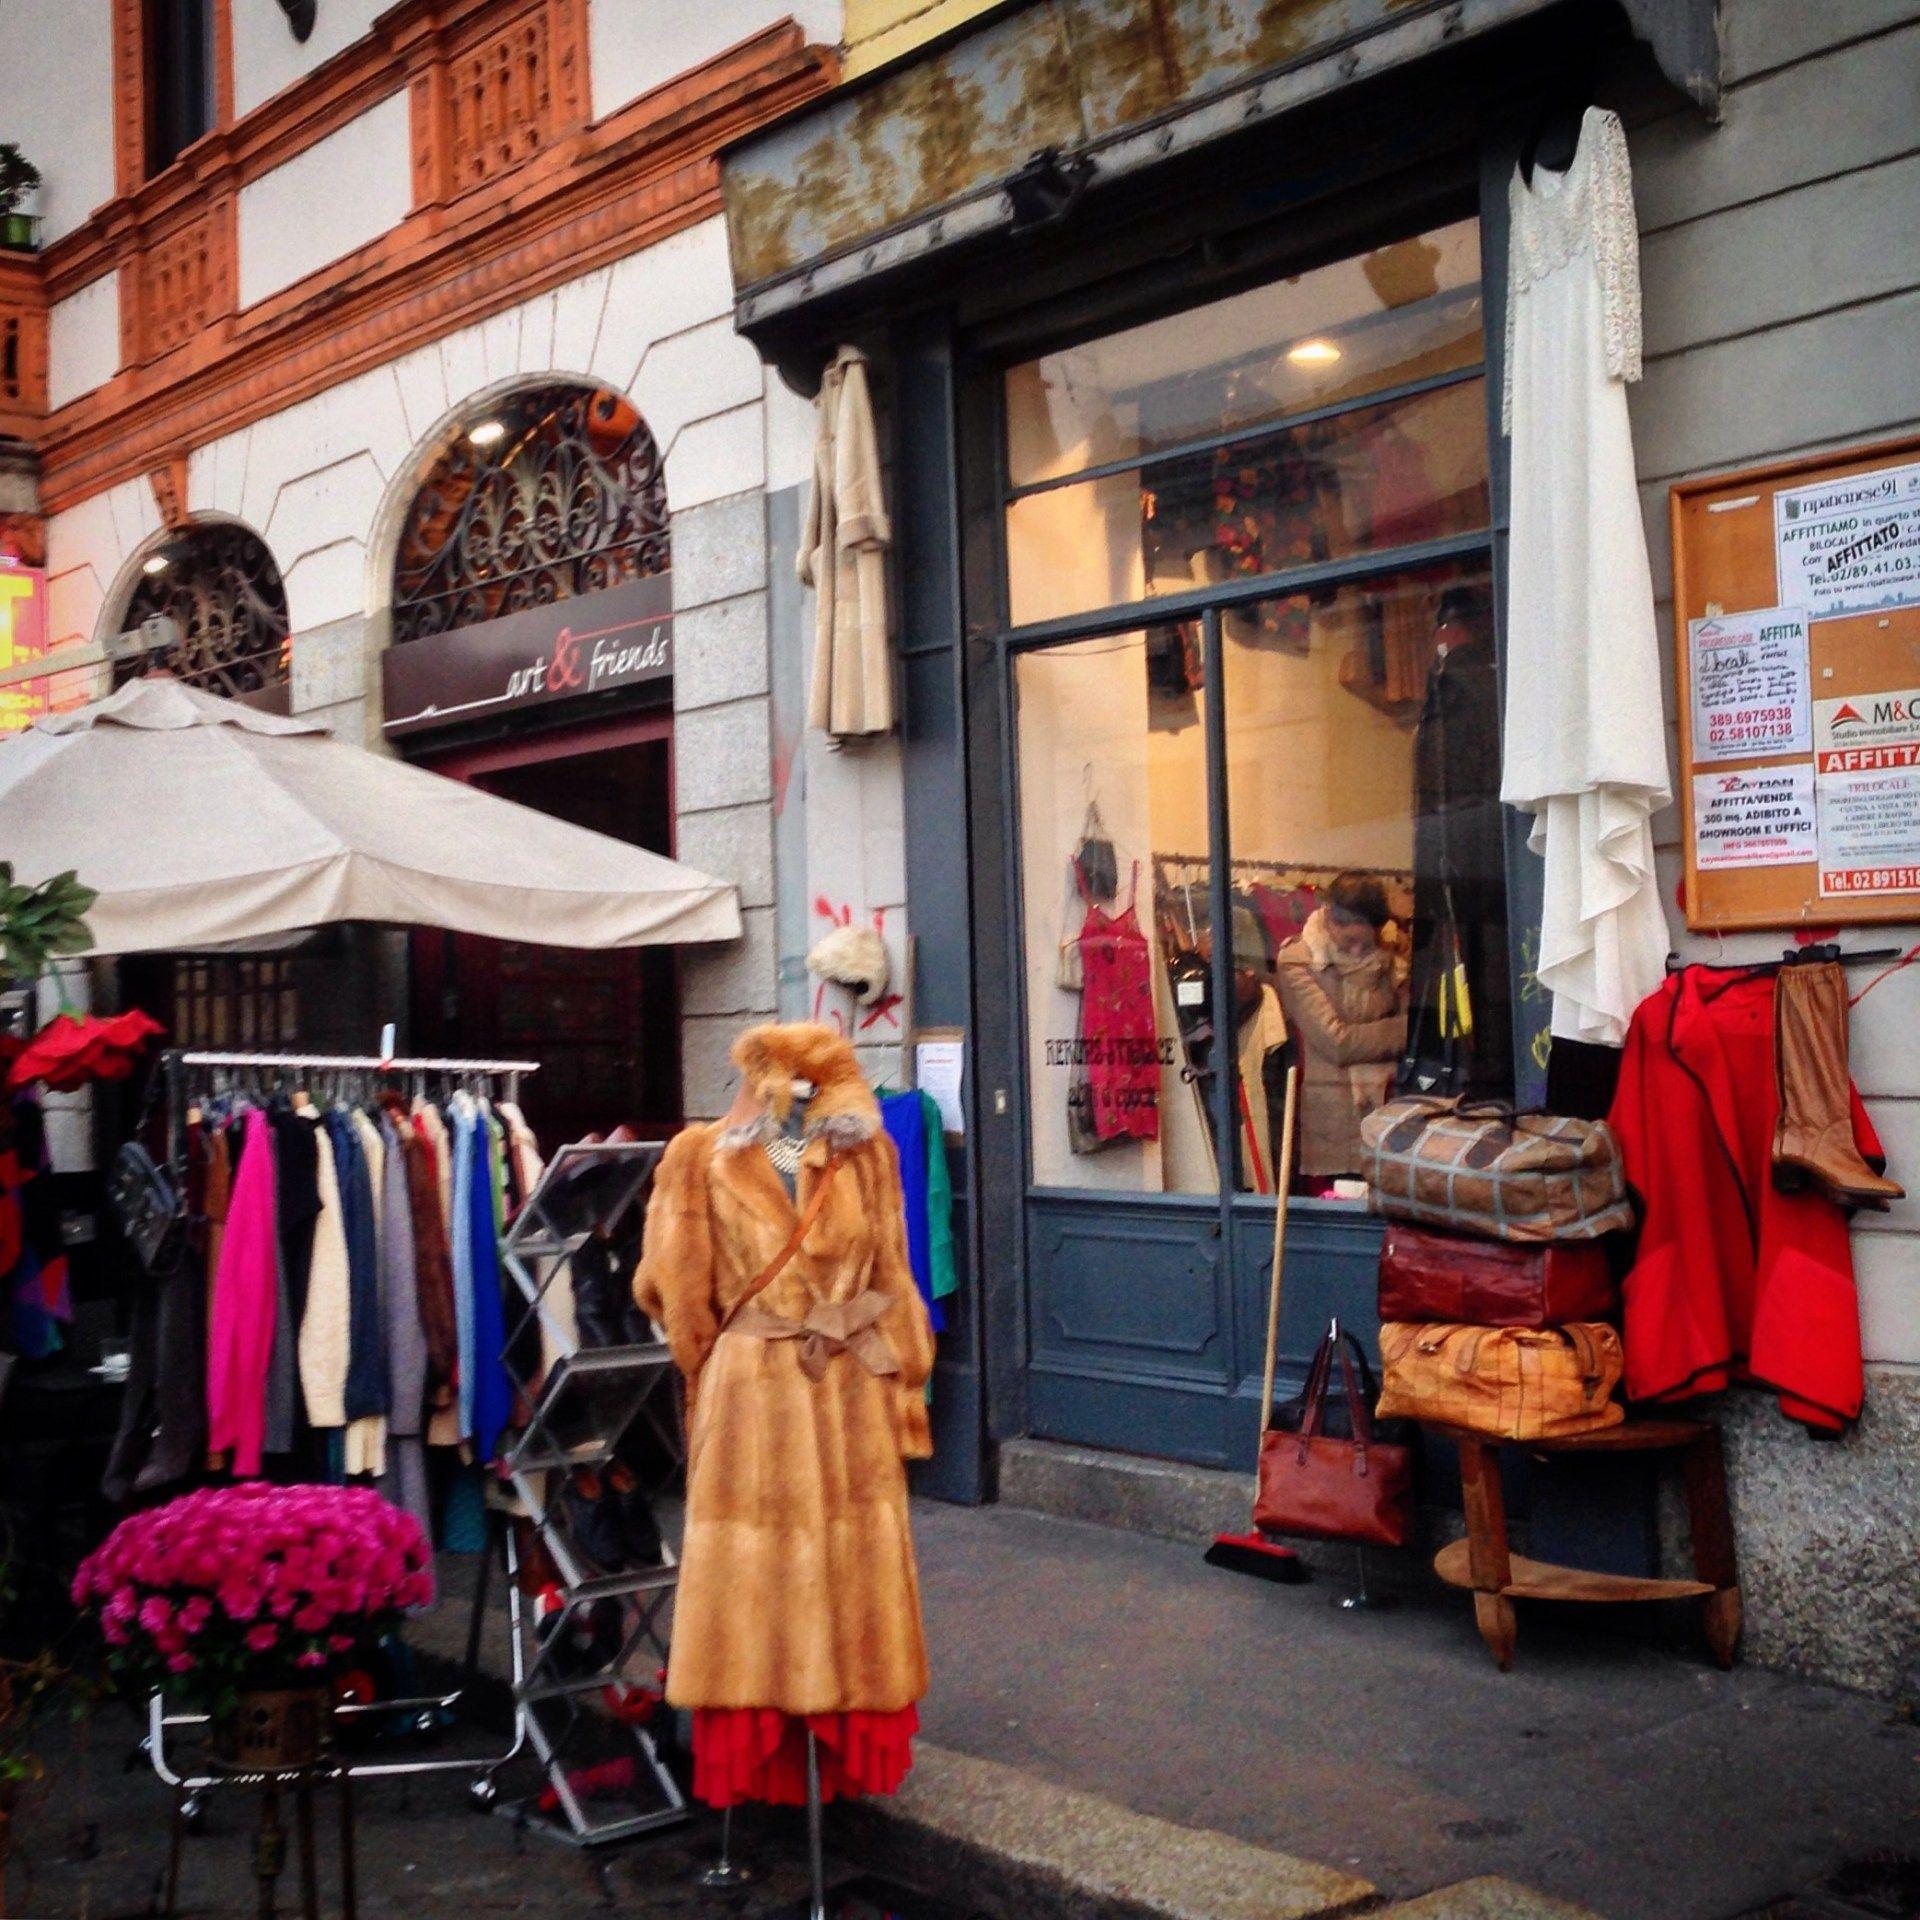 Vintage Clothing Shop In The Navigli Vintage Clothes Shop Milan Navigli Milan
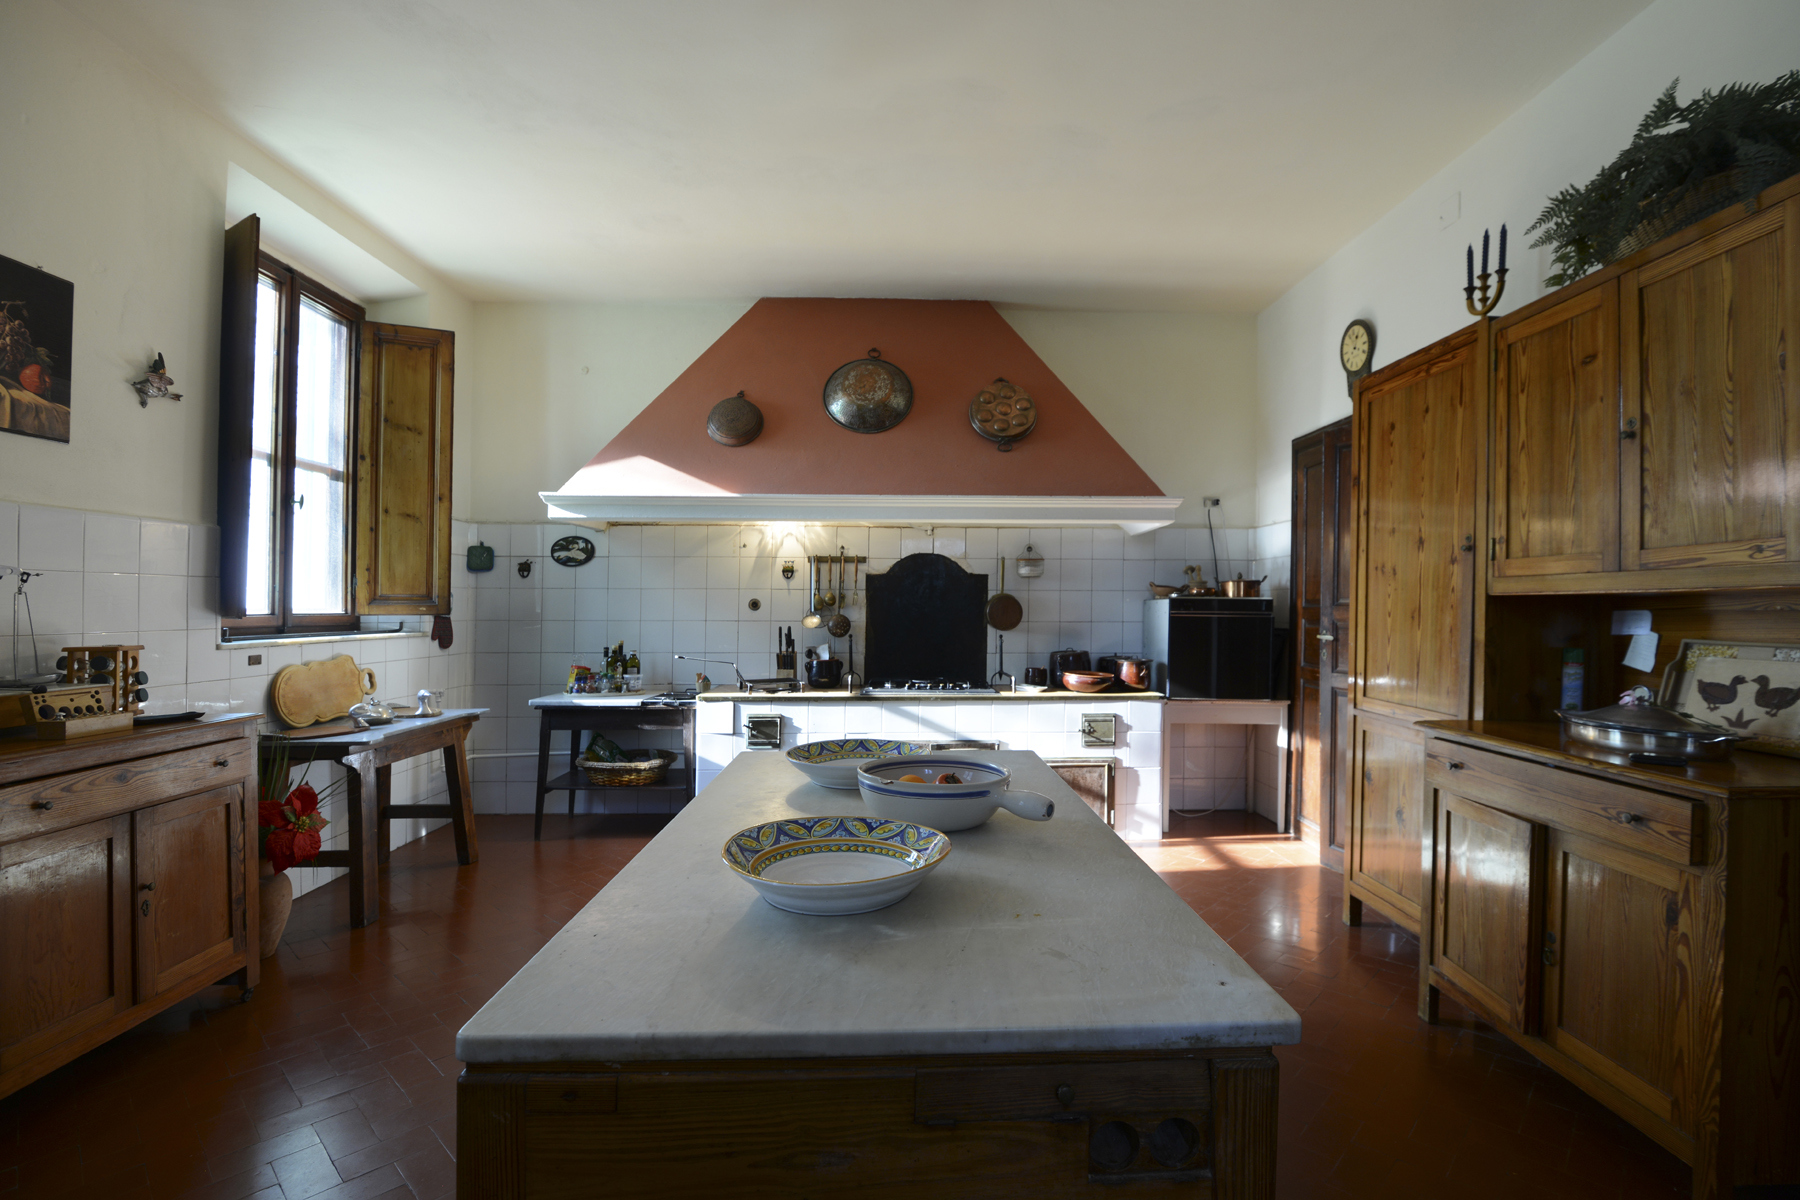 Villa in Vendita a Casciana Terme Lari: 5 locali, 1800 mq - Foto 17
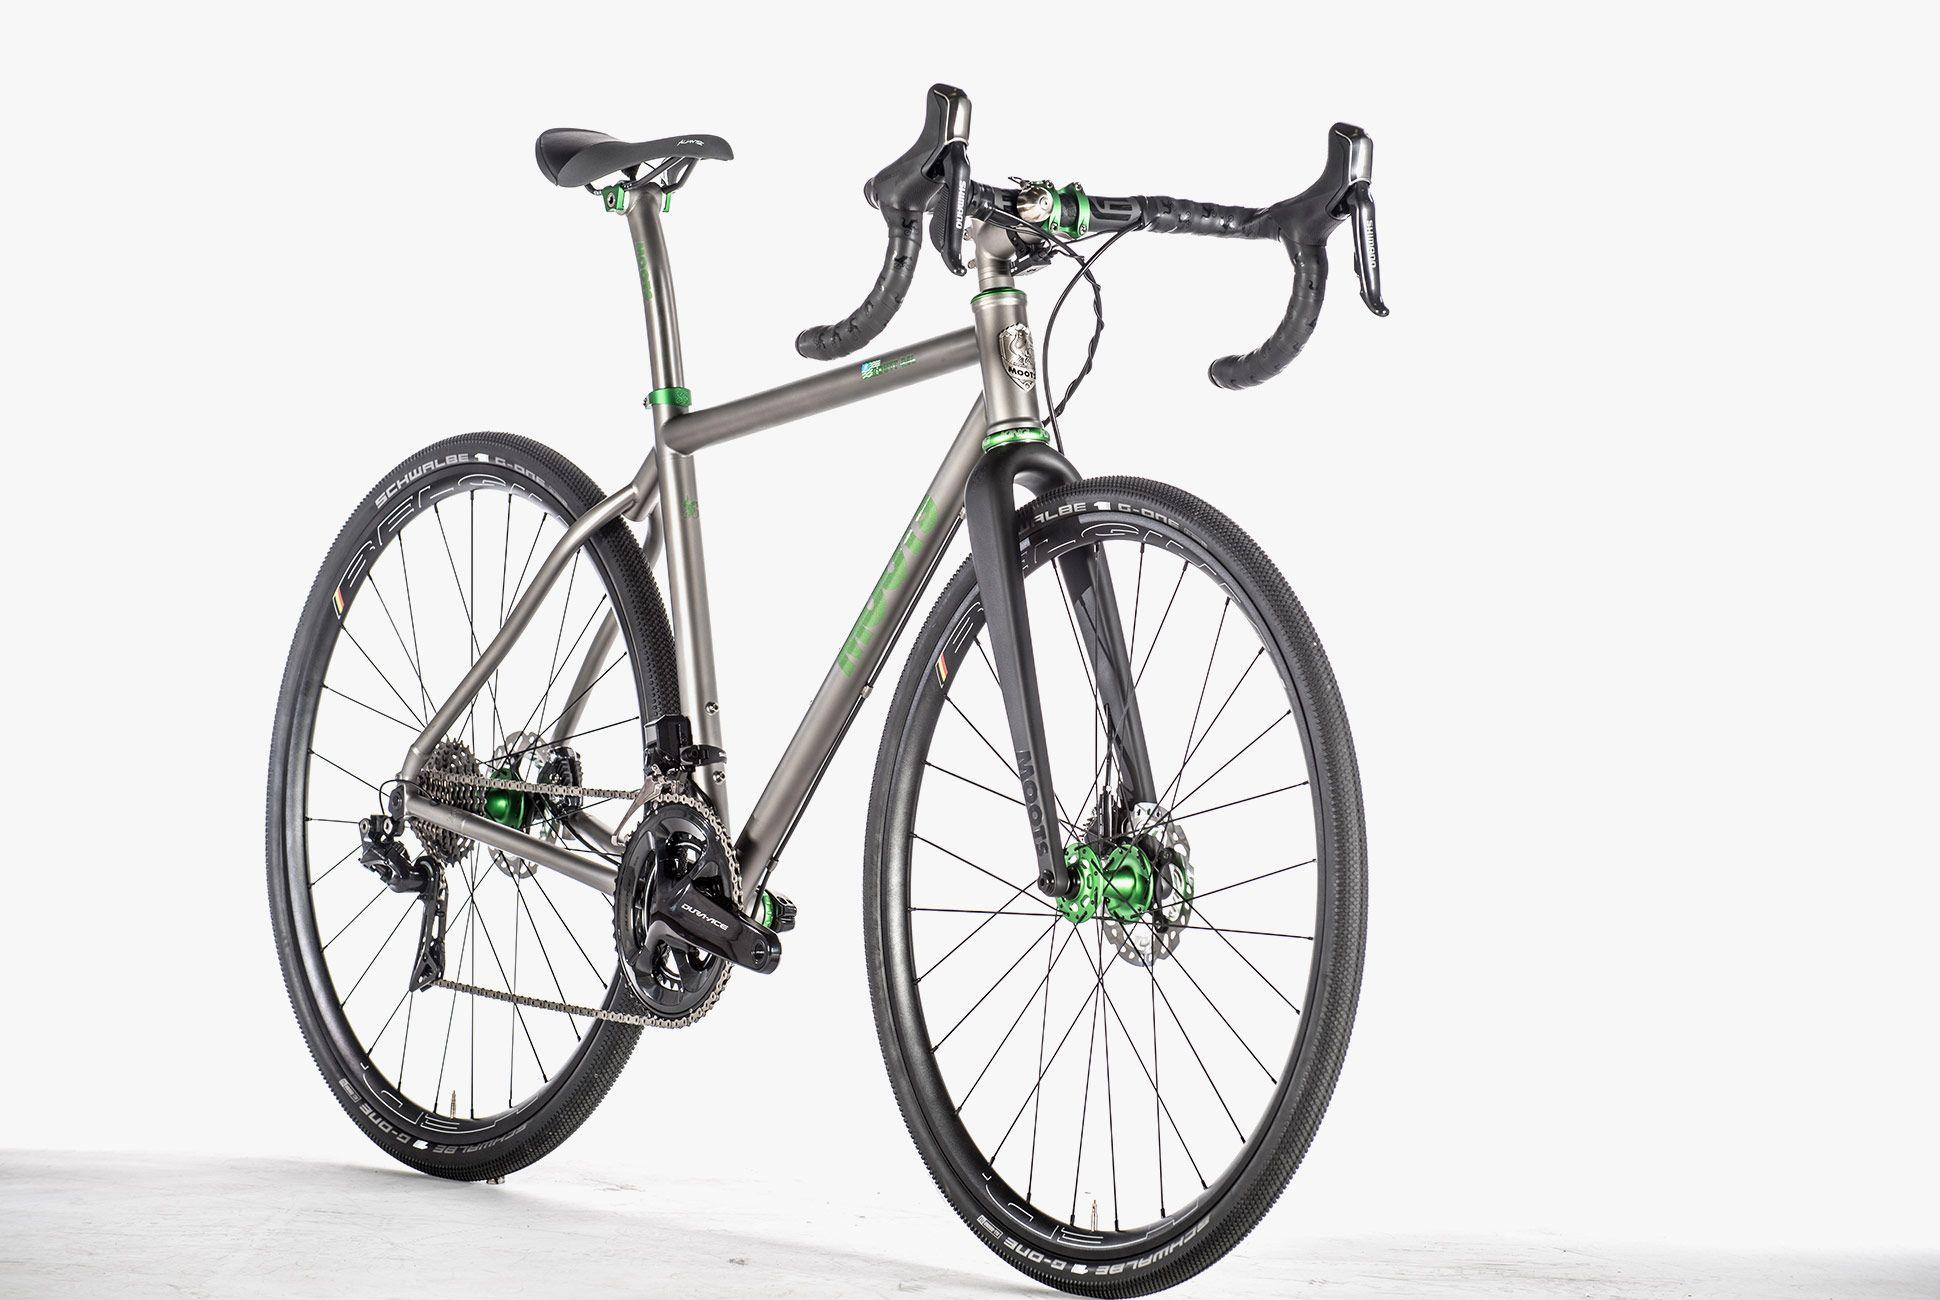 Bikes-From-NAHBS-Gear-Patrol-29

▸ **Aim of the exercise**
Aside from the pictures, repeat the listing exactly.

▸ **Answer space**
 Vintage Clothing Shop In The Navigli Vintage Clothes Shop Milan Navigli Milan
 Villa in Vendita a Casciana Terme Lari: 5 locali, 1800 mq - Foto 17
 Bikes-From-NAHBS-Gear-Patrol-29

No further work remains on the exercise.